Models were fit using the No-U-Turn Sampler39, an efficient, adaptive Hamiltonian Monte Carlo algorithm. Specifically, we used the brm() function from the brms package40 which interfaces with the Stan library41. All parameters were assigned the default brms priors. Specifically, fixed effects were assigned an uninformative, improper prior \(\beta \sim \mathrm{Uniform}\left(-\infty ,+\infty \right)\); the intercept was assigned the diffuse prior \(\alpha \sim {\mathrm{Student}}^{\mathrm{^{\prime}}}\mathrm{s }t\left(3, 6.7, 2.5\right)\); and the standard deviation of the random effects were assigned the diffuse prior \({\upsigma }_{\upgamma }\sim \mathrm{Half}-{\mathrm{Student}}^{\mathrm{^{\prime}}}\mathrm{s }t\left(3, 0, 2.5\right)\). All models were fit using eight independent chains. Model convergence was assessed using the rank-normalized-split-\(\widehat{R}\) and rank-normalized-folded-split-\(\widehat{R}\), and the model was considered successfully converged when the maximum of both \(\widehat{R}\le 1.01\).

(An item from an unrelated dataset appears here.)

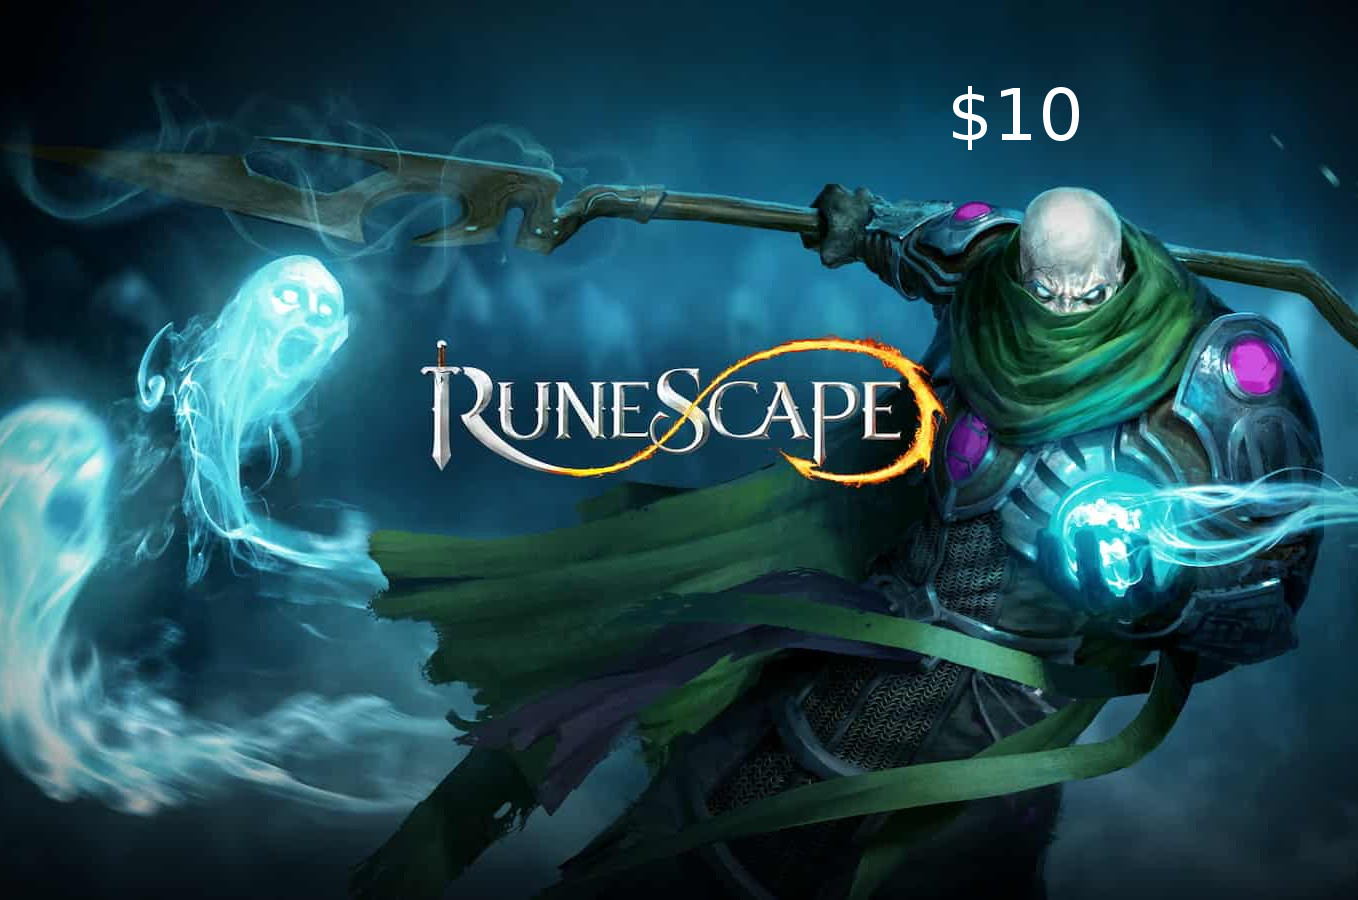 Runescape $10 Prepaid Game Card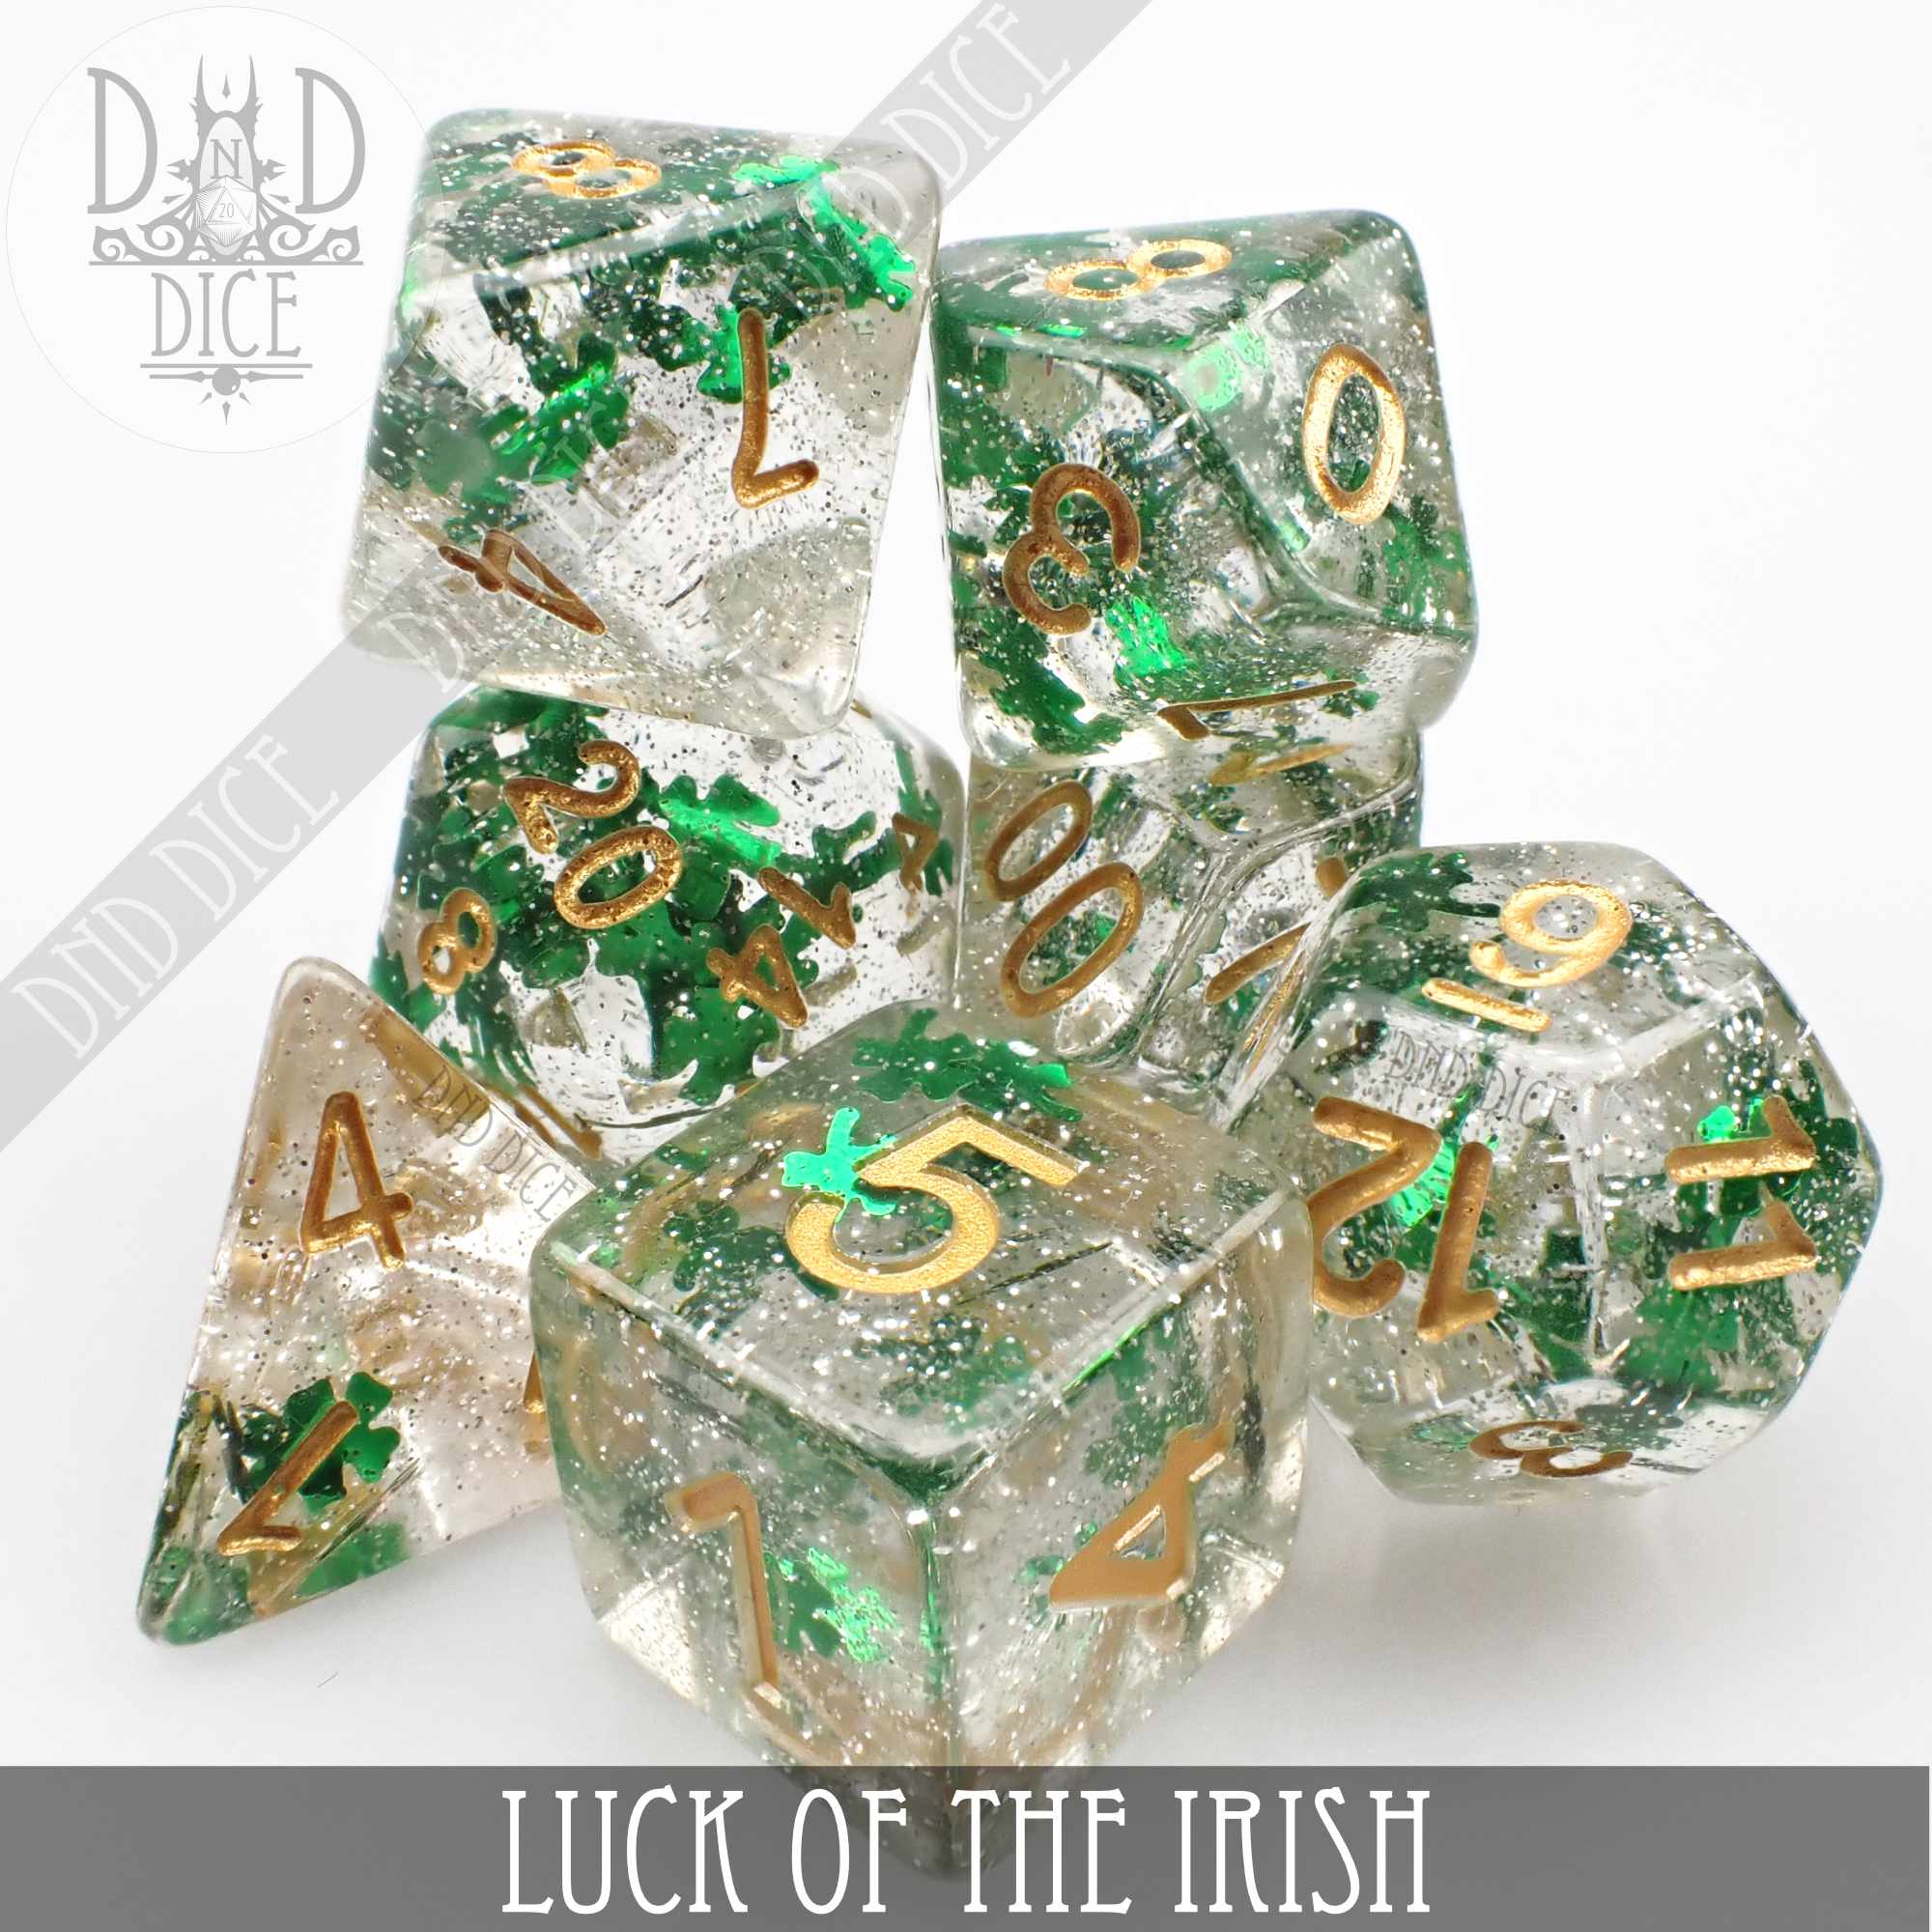 Luck of the Irish Dice Set

To ensure reliable posterior estimates, each chain was run until the Bulk Effective Sample Size and Tail Effective Sample Size metrics reached at least 100 samples per chain (Supplementary Information)42. We used the widely applicable information criterion (WAIC)43, the asymptotically-equivalent leave-one-out cross-validation44 with Pareto smoothed importance sampling (LOO)45, and Bayesian R-squared (Bayes \({R}^{2}\))46 to evaluate model goodness-of-fit, the necessity of random effects components, other nesting structures (e.g., observations within users or observations within studies), and other model specifications (Supplementary Information Text S2). All analyses were performed in R 4.0.247.